Japanese Jazz singer

Taeko Fukao (深尾 多恵子, Fukao Taeko), known professionally as Songbird TAeKO and formerly TAEKO, is a Japanese jazz singer from Shiga Prefecture, Japan. Fukao is based in Kyoto, but travels extensively throughout the United States and Japan performing in jazz festivals and jazz club venues. In between national and local appearances she has recorded albums for Flat Nine Records.

==Career==
Fukao started her professional singing career as an R&B singer while studying law at Doshisha University in Kyoto. Her interest in black music such as soul and jazz brought her to New York City in 1998. After six months of study in the US, Fukao returned to Japan where she continued to pursue her music career. She won a grand prize at the 1999 Satin Dall Jazz Competition in Kobe, Japan. Although she found the Japanese jazz scene interesting, Fukao knew that in order to fully understand jazz, she would have to return to New York City.

Fukao returned to New York City in 2000, and started to work in small venues such as Carpo's Cafe, San Marco, New Tokyo in Downtown Manhattan. In mid-2003, she became a featured artist at Mobay Uptown in Harlem. She made her first appearance at the Blue Note Jazz Club in New York in late 2003.

After a few years of regular jazz club appearances between the US and Japan such as Zinc Bar, Lenox Lounge, Saint Nick's Pub in New York, J in Tokyo, and Mister Kelly's in Osaka, Fukao has released her first album with Flat Nine Records in New York in late 2007, titled One Love. In the same year, Fukao won a finalist position at the Jazz Vocal Competition presented by Jazzmobile, Inc. held in New York City. Taeko has first appeared at: The Women in Jazz Festival in New York in 2009 along with Annie Ross and Cynthia Scott, presented by the International Women in Jazz, Inc.; the Hartford Jazz Society's Monday Night Jazz Concert Series at the Bushnell Park in Hartford, Connecticut in 2009; the Biwako Jazz Festival in Shiga, Japan in 2010; the Okazaki Jazz Street in Aichi, Japan in 2010; and the Cape May Jazz Festival in New Jersey, USA in November 2010. Fukao has sung the National Anthem at the annual Japan Run in Central Park since 2011. Fukao was also a featured artist at the 5th annual Japan Day at Central Park in New York City 2011. In 2012, Fukao was featured in the North East Florida Jazz Festival at the
Ormond Beach Center for the Performing Arts along with Marcus Roberts, Wallace Roney, and Doug Carn.

Fukao recorded her second album with Flat Nine Records in 2010, titled Voice. She recorded compositions by various American and Japanese artists such as Herbie Hancock, Wayne Shorter, Duke Ellington, Sly and the Family Stone, Marvin Gaye, Ryoichi Hattori, Taro Oguchi, and Doug Carn, a Florida-based American jazz pianist who is best known for a series of his recordings for Black Jazz Records in the 1970s. Fukao was hired for Doug Carn's group in early 2011 and toured the U.S.

In 2013 Fukao released a third studio album Wonderland (again through Flat Nine Records). The album features other prominent jazz artists including Doug Carn, Lonnie Plaxico, and Victor Jones.

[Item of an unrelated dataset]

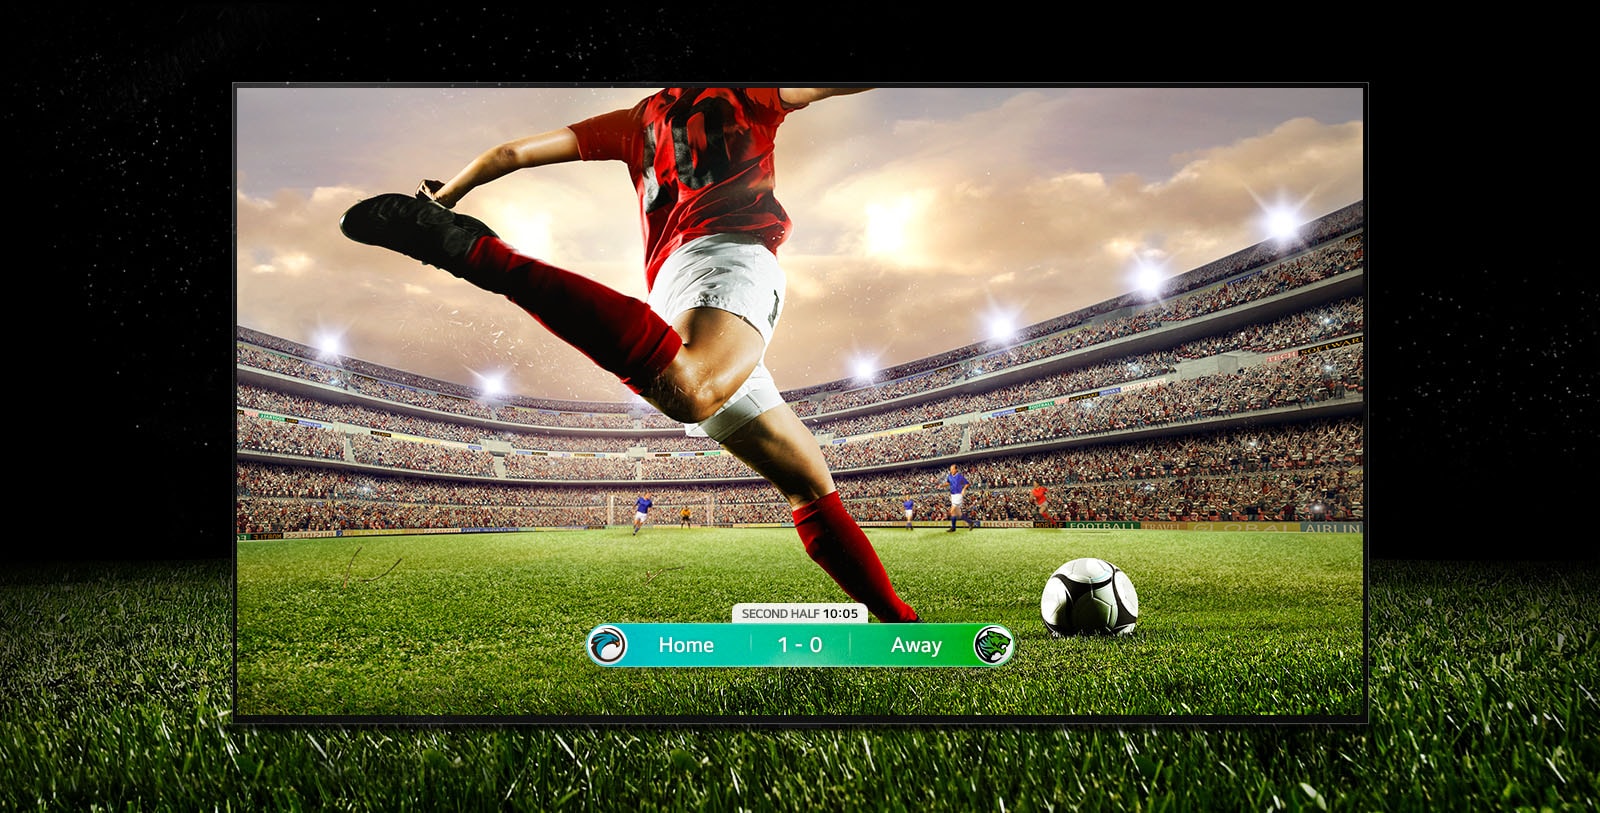 A képen látható képernyőn egy futballjátékban a piros csíkos mezes játékos éppen át akarja rúgni a labdát a stadion túlsó végére. A meccs állása a képernyő alján látható. A pálya zöld füve túlterjed a képernyőn a fekete háttérre.

TAEKO has routinely performed at Birdland, the world-famous jazz club in New York City, since 2016.

In 2018 TAEKO was featured at the 30th Annual ECOFEST in Times Square, New York City, where she sang the American and Japanese National Anthems. TAEKO also recorded the vocals for the Japanese commercial for the Apple Watch Series 4 (singing a Japanese version of the Hokey Pokey). The commercial aired in Japan in October 2018, and received over 2 million views within a month of its release.

TAEKO's 4th album was released in summer 2019.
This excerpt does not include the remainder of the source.